The First Port of Call: Coromandel
Masulipatnam or Machilipatnam as it is now known was once the first port of call on the Coromandel coast for European traders vying for a hold on India and its trade This coastal town in the Krishna District of Andhra Pradesh often overlooked by travellers makes for the perfect day trip destination from Vijayawada or even as an interesting detour for those heading to Vijayawada
Masulipatnam or Machilipatnam as it is now known was once the first port of call on the Coromandel coast for European traders vying for a hold on India and its trade. This coastal town in the Krishna District of Andhra Pradesh often overlooked by travellers makes for the perfect day trip destination from Vijayawada or even as an interesting detour for those heading to Vijayawada.
This ancient port town of the sixteenth century still boasts of flourishing trade, only today, it is in the hugely popular Kalamkari fabric and gold-plated costume jewellery (or imitation jewellery as it is more commonly known) used in movies and television soaps.
Some of the interesting places to visit in Machilipatnam are Manginapudi, Chilakapudi and Pedana. While Manginapudi in Machilipatnam has long been popular for its black sand beach which is like no other in the state. It is only in the last few decades that Manginapudi has grown in prominence, owing to be being adopted by Datta Peetham led by Sri Ganapathi Sachidananda Swamy.
He christened Manginapudi as Datta Rameshwaram, declaring it be a holy site equivalent to the major pilgrimage centre of Rameshwaram, after building a temple dedicated to Dattatreya Swamy. Since, then Manginapudi has also attracted tourists who wish to take a dip in the sea, visit the temple on the coast and the twelve wells that were also built by the Peetham to defend the town from destructive tidal waves.
Chilakalapudi though famous for being a hub for rolled gold jewellery, it is the Panduranga Swamy Temple here which holds pride of place. The Chilakalapudi Panduranga Swamy Temple built by Sree Narasimham in 1927 is a beautiful symphony of colours and symmetries. So strikingly is the main temple - dedicated to Panduranga Swamy and his wife Goddess Rukmini - painted in alternating hues of bright and vivid colours, that is bound to grab your attention from the moment you set foot on the sprawling temple grounds.

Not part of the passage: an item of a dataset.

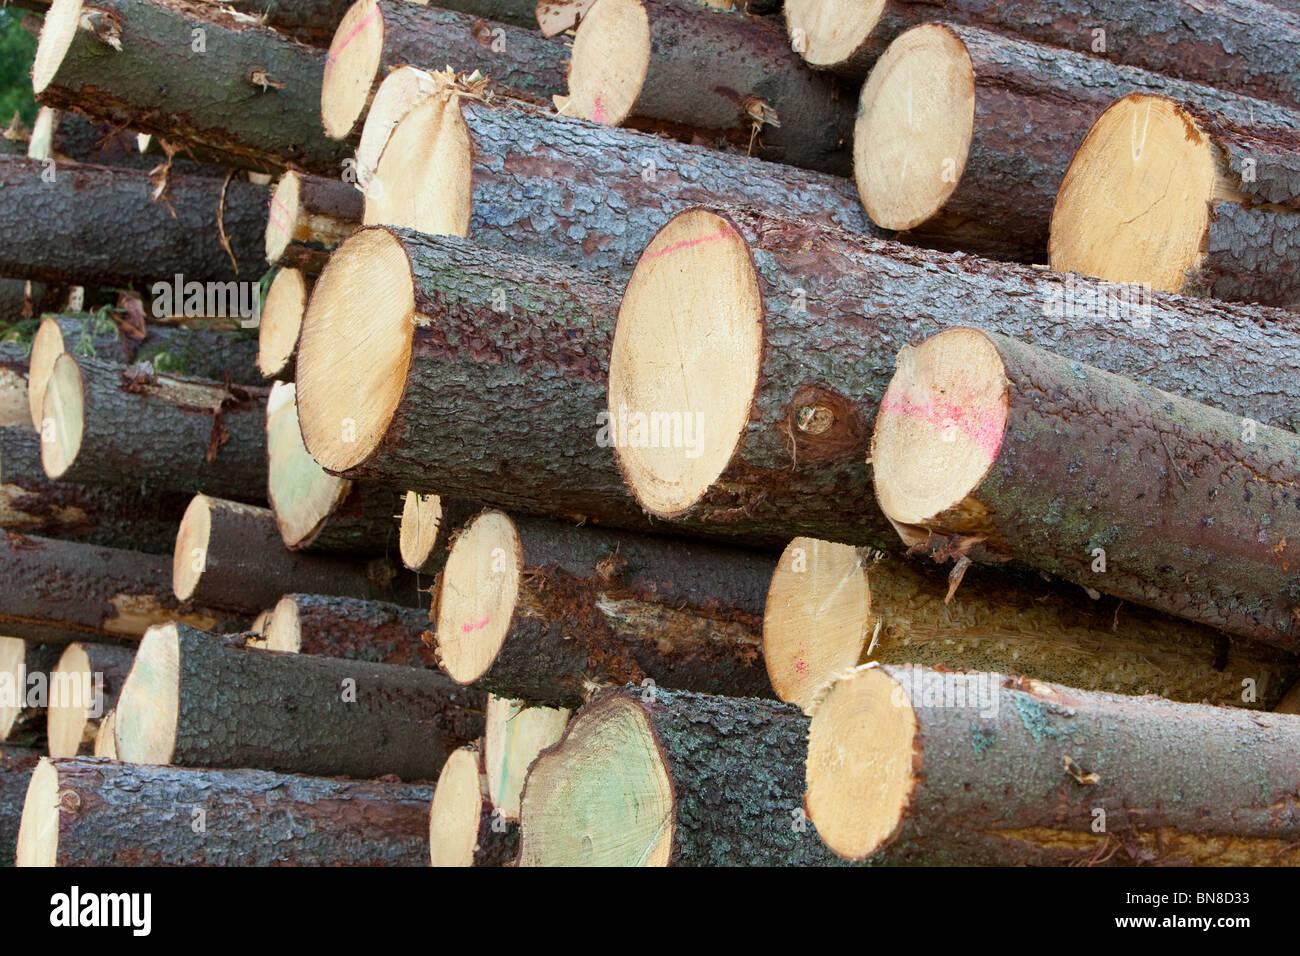 Spruce logs - Stock Image

What is even more fascinating about this temple though, is that there is no Hundi (a donation box that is a common feature of temples) here and anyone who comes to this place of worship need not pay anything for puja performed here. The temple is still maintained privately by the original builder’s grandson, Sree Gangadharam. He is also the head priest of the main temple. Tiny temples in hidden alcoves dot the entire length of the complex and there is also the remarkable Sahasra Linga Mahamandapam with its many Shiva Lingams.
Finally, Pedana is where everybody’s favourite fabric, Kalamkari comes from. Machilipatnam and Sri Kalahasti are the two main centres in the country for production of this artisanal fabric. But, Machilipatnam today, has moved onto quickly producing Kalamkari designs on both cotton and silk fabric using screen printing.
Very efficiently putting to use its long history of textile trading - that dates as far back as trading with the Greeks in Muslin - in commercialising this traditional form of art. Other points of interest in Machilipatnam are the Machilipatnam Harbour and the Dutch Fort and Cemetery.
And, don’t forget to bring back a box of the sumptuous Bandar Laddu, which gets it to name from the place it comes from - Bandar, which is but the Persian for Port, and one of the names given to the port town of Machilipatnam.